Advanced configuration of the local installation

Once we have the application installed and running on our machine, we can start configuring our installation to adapt it to our specific needs. Here we show you how to make some important configurations:

Change the File and Database Path.

By default, as we have already seen, our local installation has the following structure configured:

├── local-machine
│   ├── archihub
│   │   ├── frontend
│   │   ├── backend
│   │   ├── mongo_db
│   ├── webfiles
│   ├── userfiles
│   ├── temporal
│   ├── original
│   ├── data
│   │   ├── mongodb
│   │   ├── elastic

In ArchiHUB, the folders webfiles, userfiles, temporal, original, and data are essential for the operation of the system since they contain all the documents and data generated by the application. However, it is possible to configure these folders to be located in different paths, either on an external drive or on a network drive, allowing greater flexibility in the organization of your files. Let’s see how to do it.

In our .env file that we configured at the beginning of the guide we are going to modify the paths. These are configured in the environment variables:

USERFILES_PATH='../userfiles'
WEBFILE_PATH='../webfiles'
UPLOAD_PATH='../original'
TEMPORAL_PATH='../temporal'
DATA_PATH='../data'

From here, you can change the essential folder paths. In the example, the paths are relative, but you can use absolute paths that lead directly to your content. It is important to remember that for the correct functioning of the application, these folders should not be changing and their content should not be changing frequently.

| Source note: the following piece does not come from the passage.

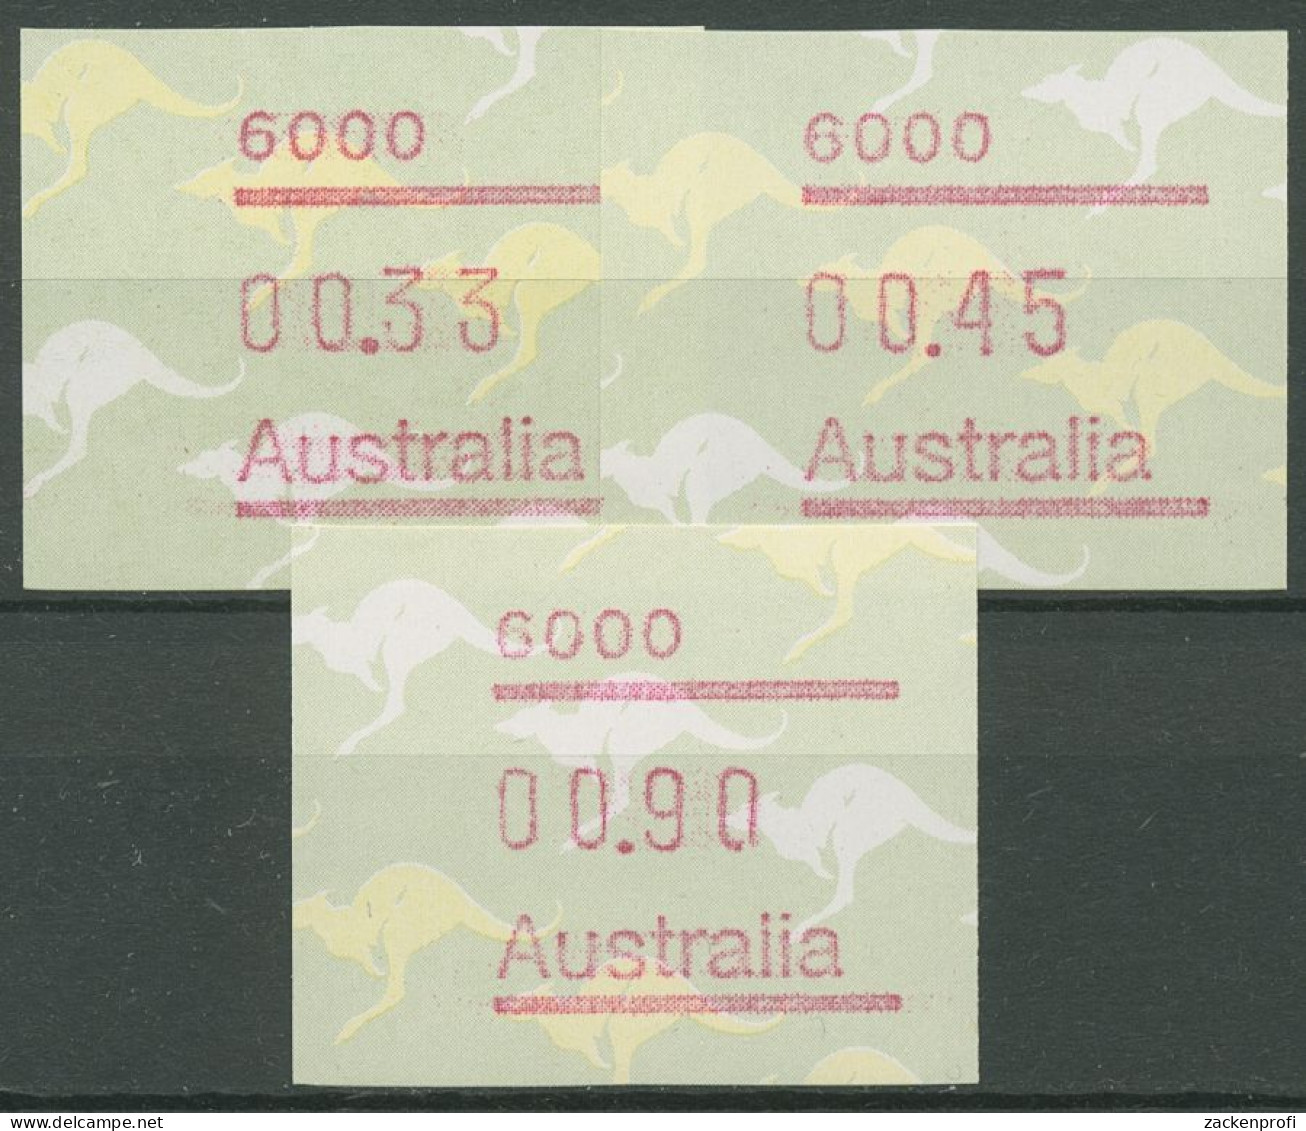 Australien 1985 Känguruh Tastensatz Automatenmarke 4 S1, 6000 Postfrisch - Automatenmarken [ATM]

You can add or modify the following variables in the .env file to point to the new desired paths, in this case we want to assign a path that is in an external disk:

WEBFILES_PATH=/mnt/disco_externo/webfiles
USERFILES_PATH=/mnt/disco_externo/userfiles
TEMPORAL_PATH=/mnt/disco_externo/temporal
ORIGINAL_PATH=/mnt/disco_externo/original
DATA_PATH=/mnt/disco_externo/data

Important Considerations

Path Consistency: Make sure that the specified paths are always available and accessible by the system where ArchiHUB is running.
Access Permissions: Verify that ArchiHUB has the necessary permissions to read and write to the new paths.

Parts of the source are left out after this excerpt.